研究内容

 

 有機合成化学は、石油、石炭、その他の炭素資源から新たな炭素化合物(有機化合物)を作り出すことを目的とした学問であり、人類の物質的幸福に大いに貢献してきました。合成繊維、合成樹脂、医農薬品、食品添加物など、人工有機化合物は我々の身の回りに数多く存在し、我々の生活に幅広く役立っています。有機合成に必要不可欠なものが、分子変換を担う「反応」であり、当研究室では、有機合成に役立つ新しい反応の開発を目標として研究を行っています。従来の有機合成では、欲しいものを如何にたくさん作るかが中心的な課題でした。これに加えて現在では、如何に無駄なく、環境に優しく作るかも重要な課題となっています。当研究室でも、新しい反応や反応剤の開発により、この課題に取り組んでいます。特に、有機ケイ素化合物や有機アルミニウム化合物を利用した炭素ー炭素結合形成反応、有機スズ化合物やインジウム塩を利用したラジカル反応、インジウム塩や白金塩の触媒能を利用した連続的結合形成反応などの研究を行っています。また、反応開発以外にも有機分子の電子的特性を生かした新しい機能性色素材料の開発にも携わっています。
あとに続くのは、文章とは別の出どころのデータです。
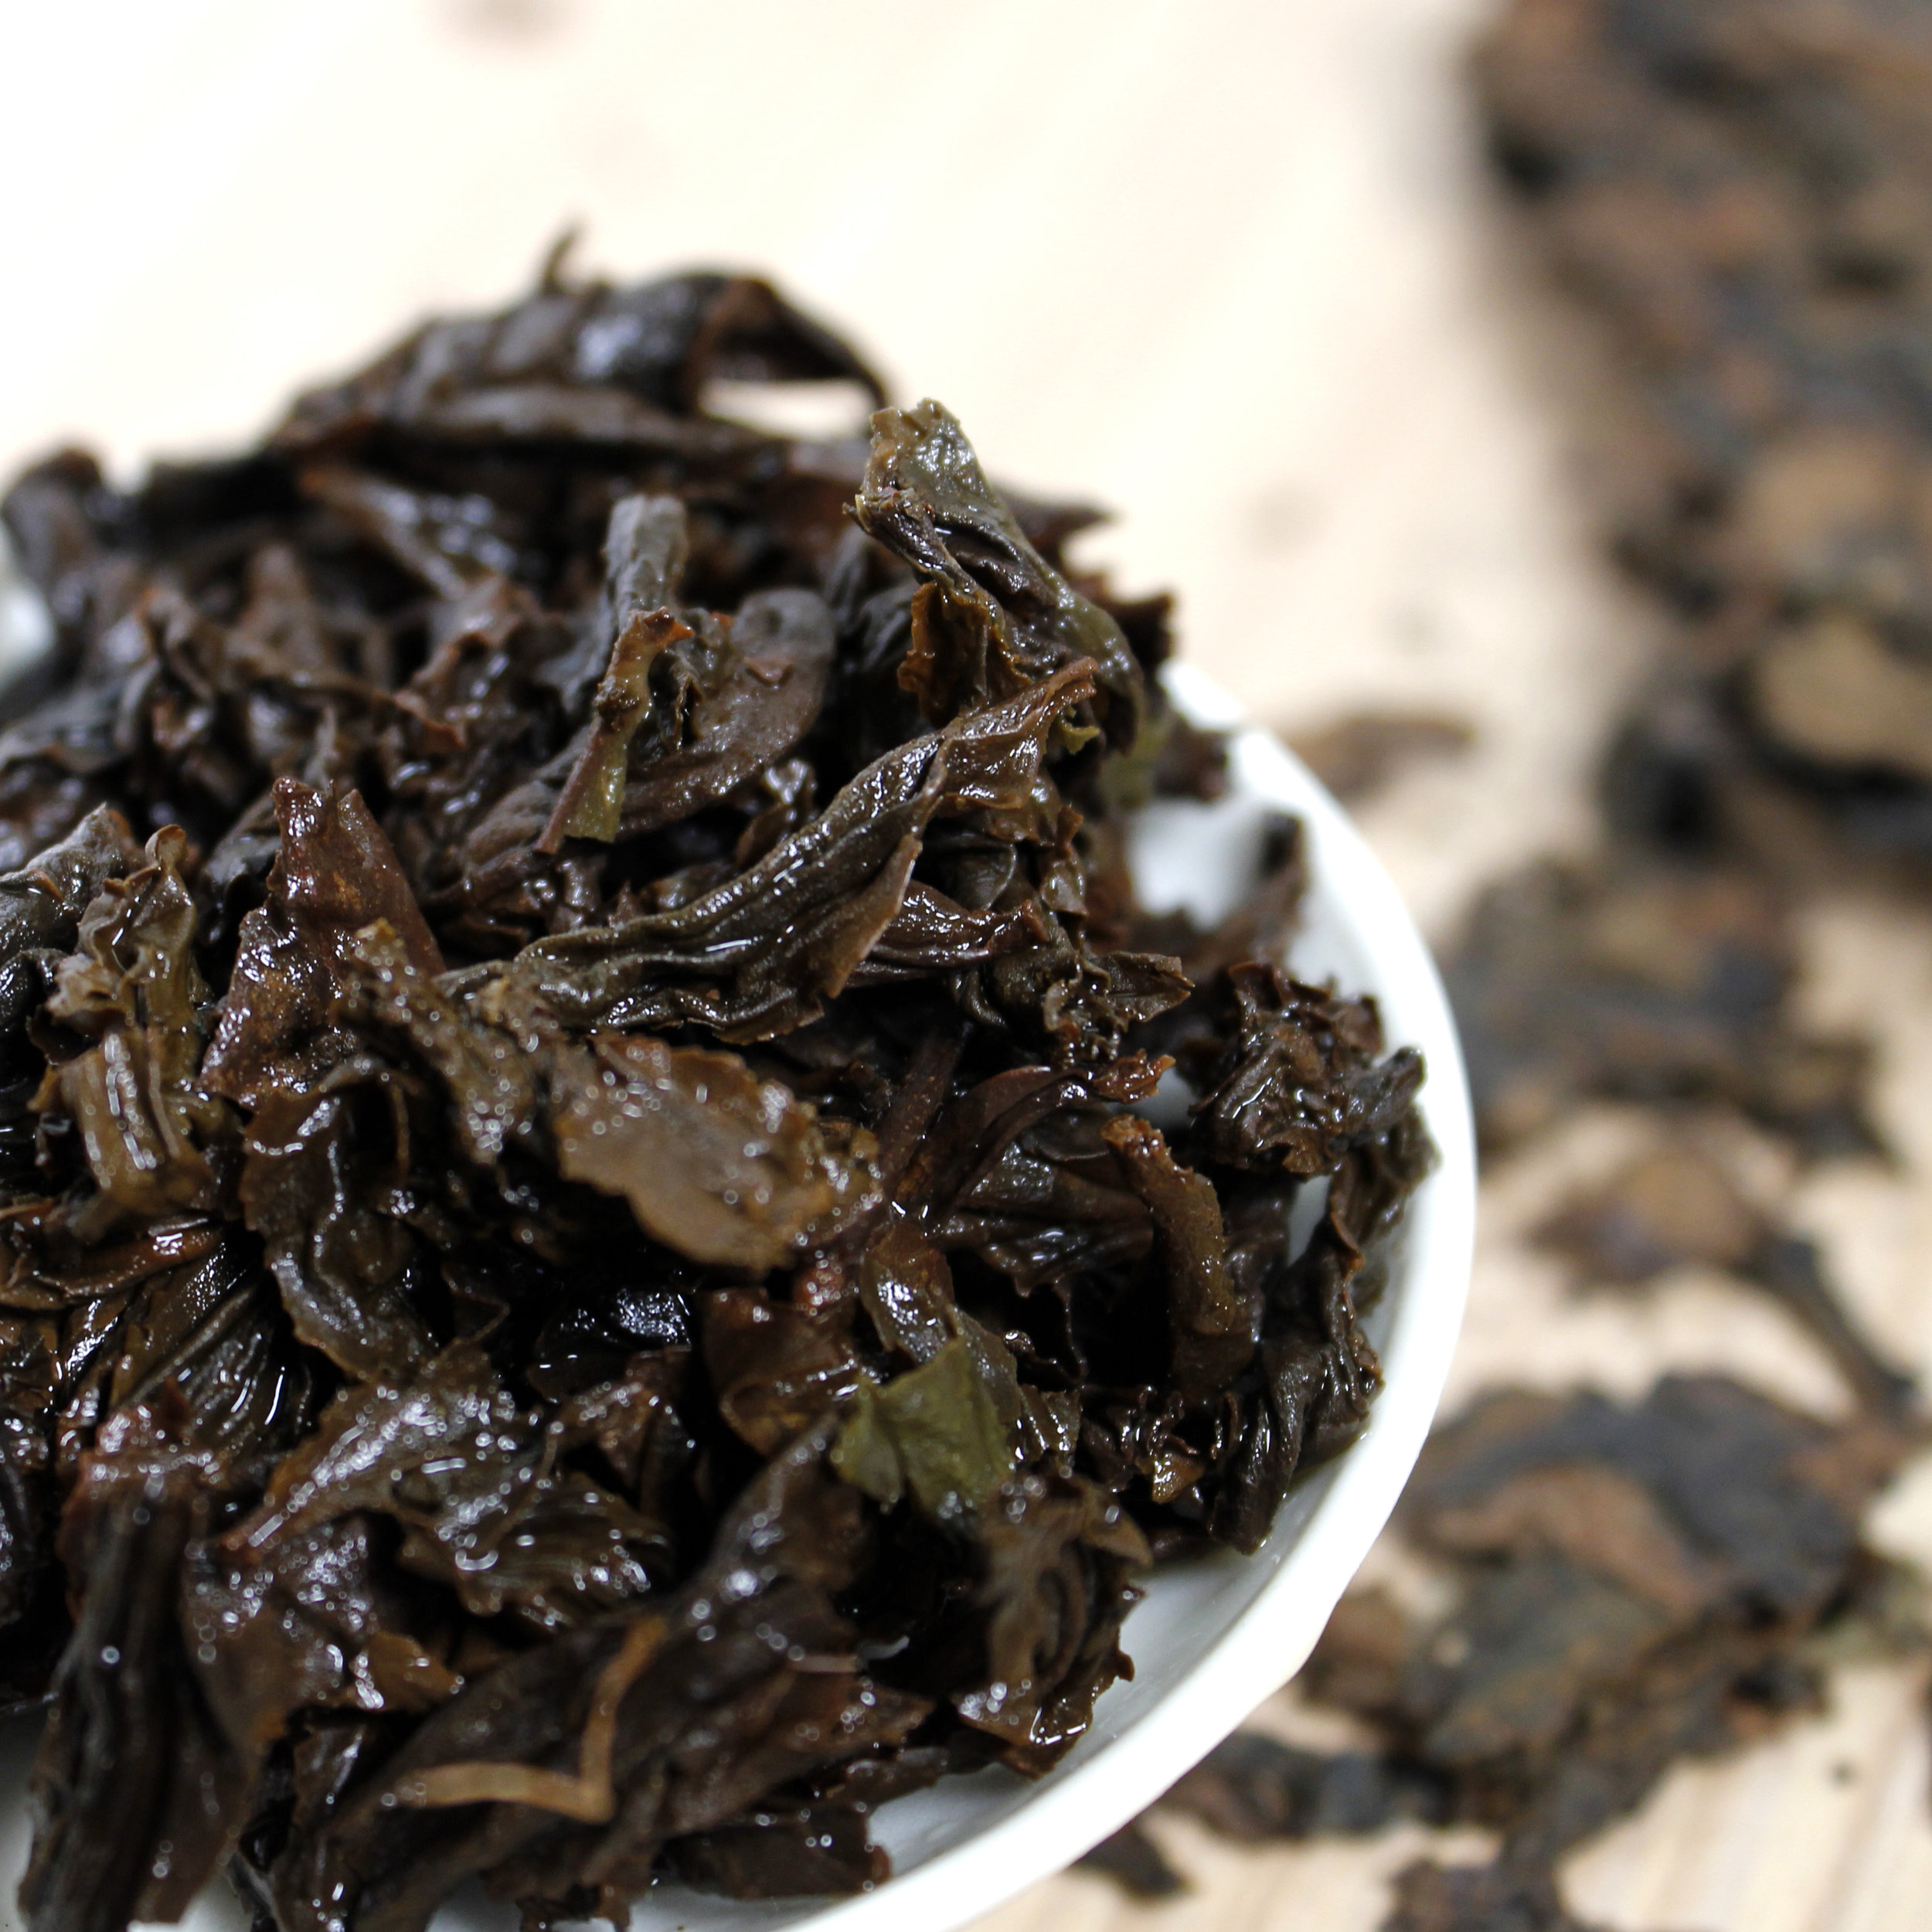 gaba-tea-cake-whole-leaf-tea-oolong-itw3-2019a.jpg

1.有機ケイ素およびアルミニウム反応剤を利用した有機合成法の開発(三浦・木下)

 ケイ素は地球上に豊富に存在し、炭素、水素、酸素やハロゲンなどのヘテロ元素と比較的安定な結合を形成します。ケイ素は通常4本の結合手を持ちますが、このうち有機基(炭素基)との結合が最低1本でもあれば、その化合物は有機ケイ素化合物と呼ばれます。 有機ケイ素化合物は自然界には存在しませんが、化学の発展により様々な化合物が合成されています。安定で低毒性のものが多く、特にシリコーンと呼ばれる有機ケイ素高分子は、機能性材料として我々の生活に大いに役立っています。有機合成においても極めて重要な化合物で、基質を官能基化する反応剤として、また、保護基や配向基となる有機ケイ素(シリル)基を導入する試薬として頻繁に利用されています。有機ケイ素反応剤の特長として、安定で保存が容易、入手しやすい、低毒性などを挙げることができますが、最も重要なのは反応を精密に制御できる点です。すなわち、ケイ素との結合が穏和な反応性を持つこと、および、シリル基が特異な置換基効果を発揮することに基づいて、反応促進剤や反応条件を工夫することで高効率・高選択的な反応を行うことができます。しかし、有機ケイ素反応剤の反応性の低さが問題になることもよくあります。当研究室では、活性化されやすい有機ケイ素反応剤を開発することにより、この問題に取組んでいます。また、シリル基の置換基効果を利用することで有機アルミニウム反応剤の反応を制御し、多置換ベンゼンやナフタレンの高位置選択的合成を目指しています。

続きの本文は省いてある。